Noah understood that, whether he wanted to or not. But he couldn’t let fear or panic drive him. That’s what had led him to the Carson Ranch, and yes, he’d saved Addie in the process, but he’d also led Peter straight to Seth.
“You’re going too slow,” Addie insisted, desperation tingeing her voice.
“I can’t imagine what it must be like, the fear and the panic, but we can’t let it win. You know I wouldn’t let anything...” He trailed off, because he had let things happen to her and Seth. “We have to end this, which means we have to be smart. Leading with emotion, with fear, with letting someone else call the shots, is what got us here, Addie. If we’d fought straight off, if you’d stayed in the cabin, if I hadn’t flown after you half-cocked... We’re mucking things up right and left, and we can’t keep doing it.
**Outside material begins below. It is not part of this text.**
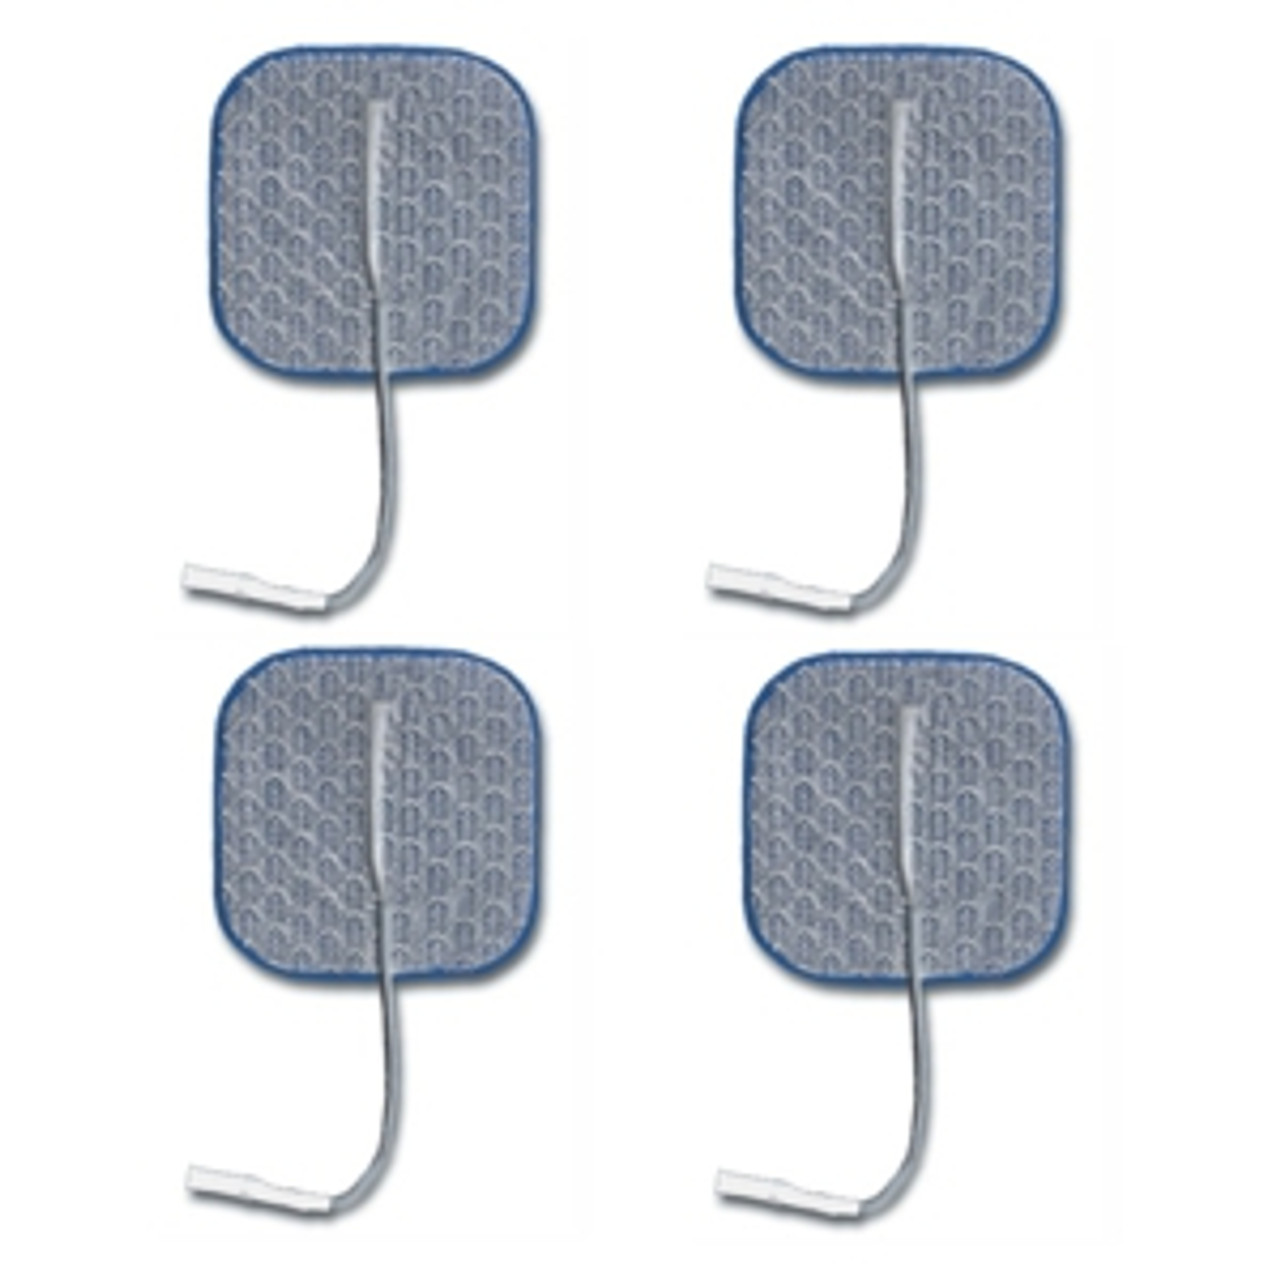 "Replacement Electrodes Sensitive Skin - Size 2""x2"" (4 pcs.)"

Because Seth is at stake.”
He felt as much as heard Addie’s sharp intake of breath, feeling bad for speaking so harshly to her, but it was all true. They couldn’t keep reacting, they had to plant their feet and act.
“Maybe you’re right,” she said softly into his ear as he brought Annabelle to a stop. They were deep in the woods, but he knew exactly where the cabin was though he couldn’t see it though the snow and thick trees. About a hundred yards straight ahead.
“So, let’s figure out a plan. A real plan. A final plan. One that brings you both home safe.”